Arslan is among dozens of journalists in exile accused of links to the faith-based Gülen movement, which Turkish President Recep Tayyip Erdoğan and his government accuse of masterminding a major corruption investigation in Turkey that became public in December 2013, implicating the inner circle of the ruling AKP government and then-Prime Minister Erdoğan, as well as orchestrating a controversial military coup attempt on July 15, 2016.
Dink was shot dead with three bullets on Jan. 19, 2007 in front of Turkish-Armenian weekly newspaper Agos’ then-main office, located on Halaskargazi Street in Şişli.

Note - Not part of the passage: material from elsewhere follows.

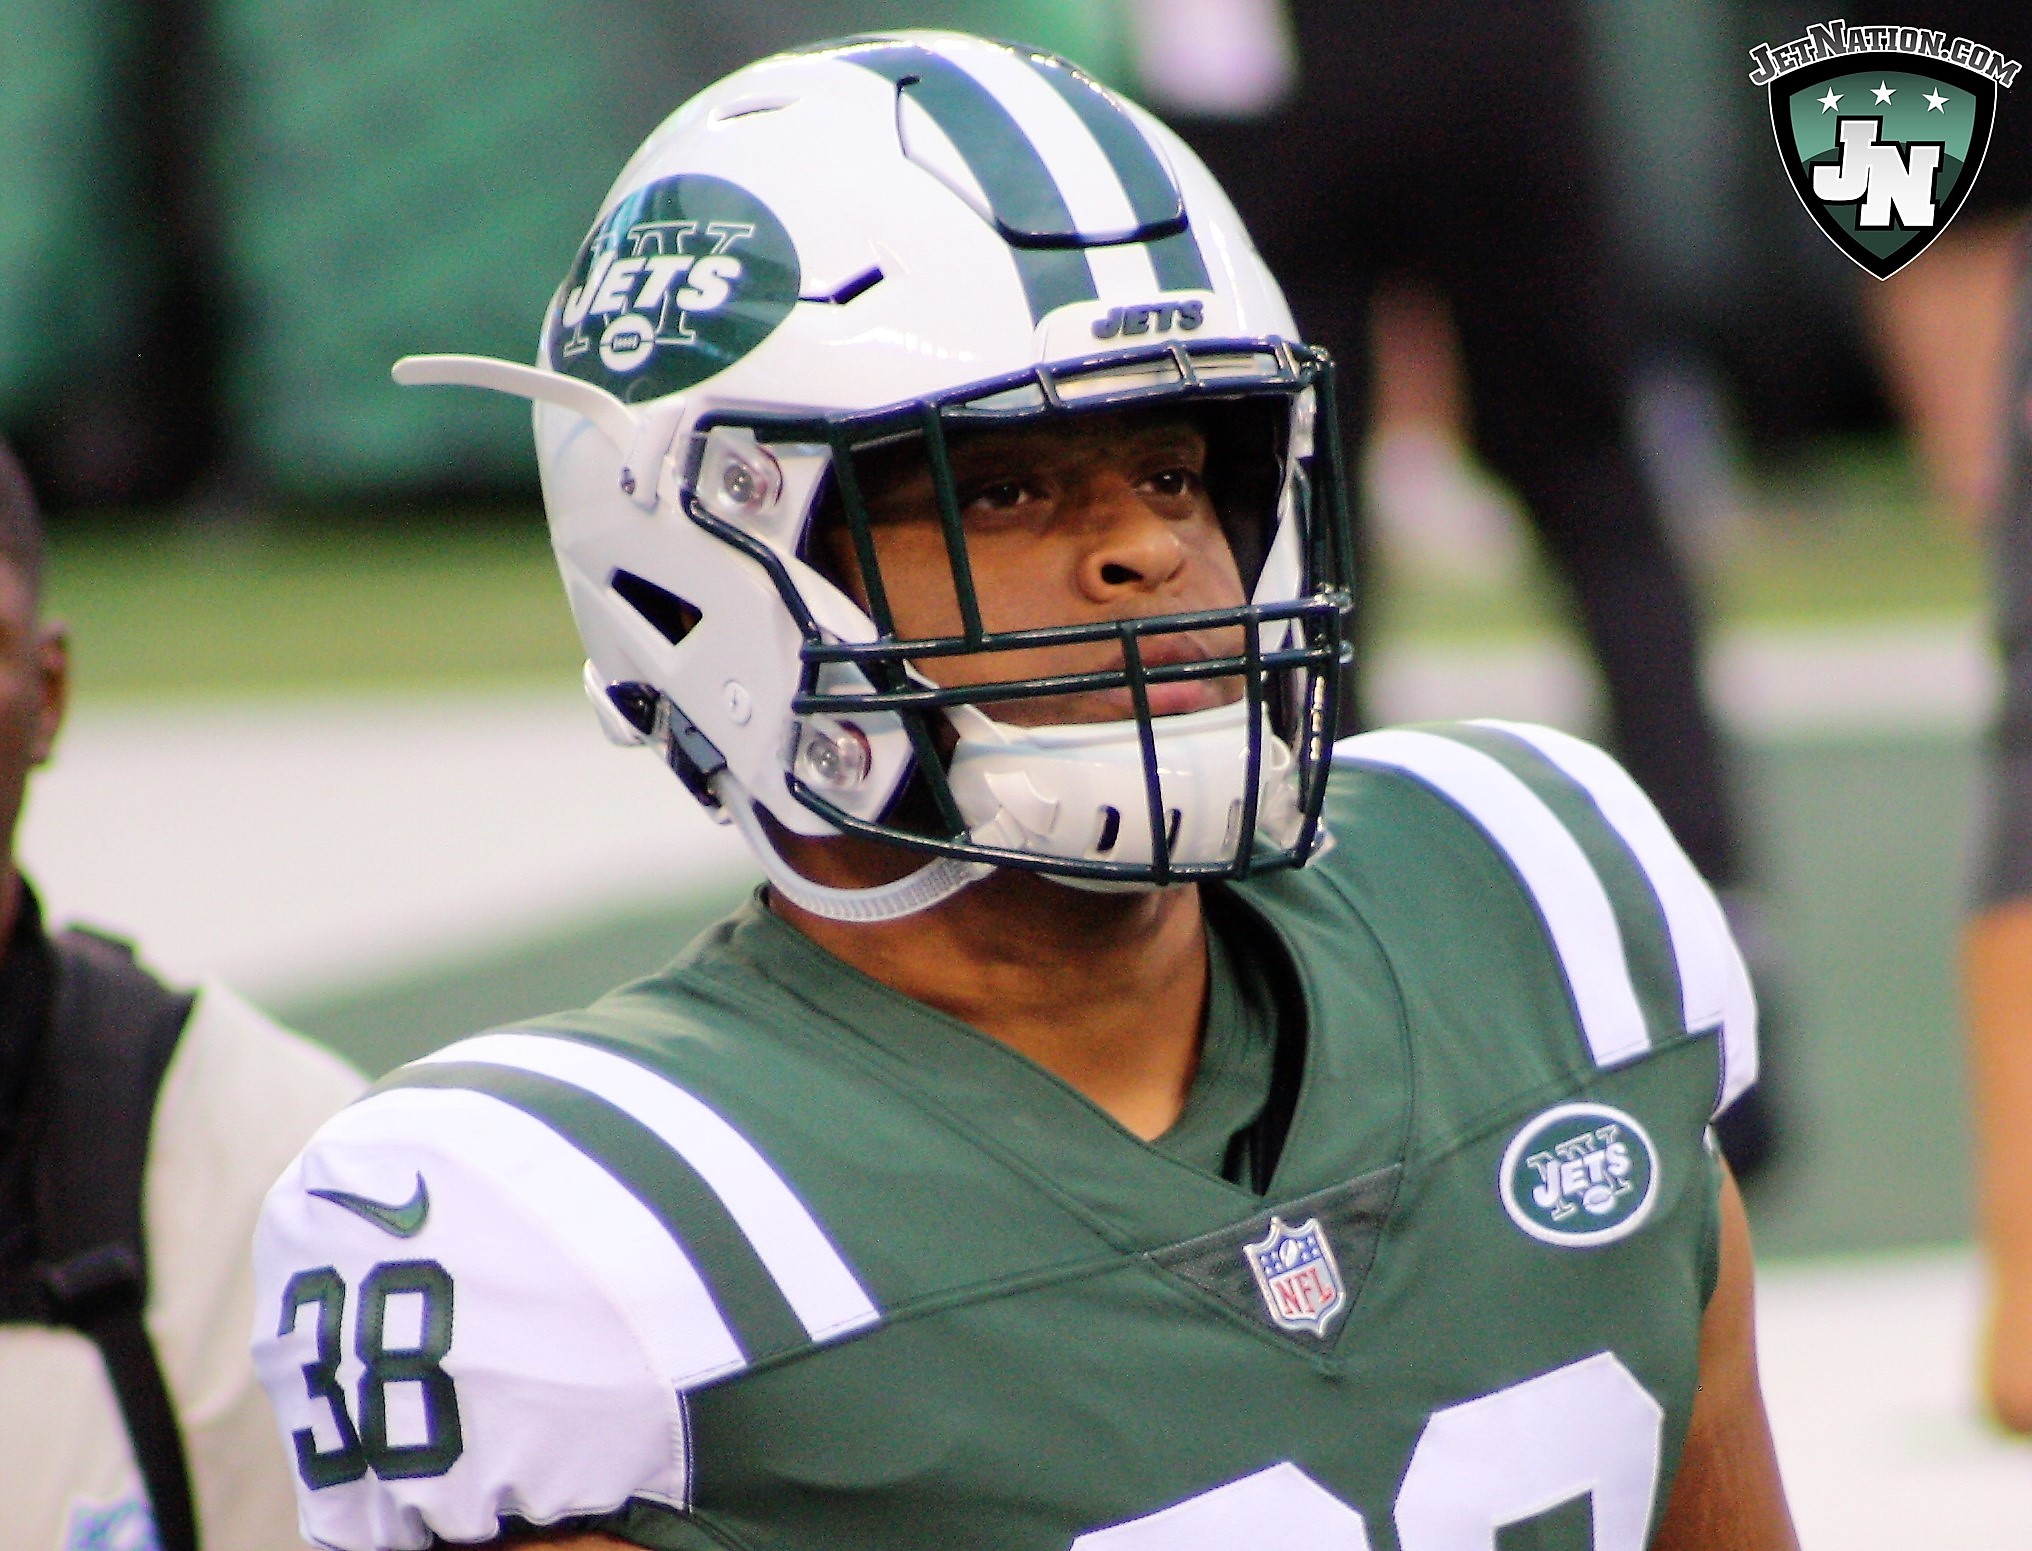 Jets Confirm 18 Players Let go: Here's the List

Ogün Samast, a 17-year-old jobless high-school dropout, confessed to the murder and was sentenced to close to 23 years in prison in 2011.
Writing an article for online news website TR724, veteran journalist Arslan stated that “the court has applied to US authorities for my extradition from the US to Turkey by labeling the book I wrote on the killing of Hrant Dink titled ‘Bi Ermeni Var’ [There is an Armenian] and one on the murders at the Zirve Publishing House titled ‘The Peak of Ergenekon’ as terrorist activities.”
Three Protestant missionaries, German national Tillman Geske and two Turks, Necati Aydın and Uğur Yüksel, were tied up and tortured before their throats were slit at the Zirve Publishing House, a Christian publisher in Malatya, on April 18, 2007.
Underlining that “Judge Mesut Düzgün has also written ‘deliberate killing’ in the section of ‘crimes committed’ in his extradition request [about me],” Arslan said: “Erdoğan points out the ‘target’, the prosecutors write the indictments accordingly, and the courts take decisions in the same direction… As Doğu Perniçek said, ‘The judiciary has become the dog of politics.’ It was the same in the case of the Dink murder.”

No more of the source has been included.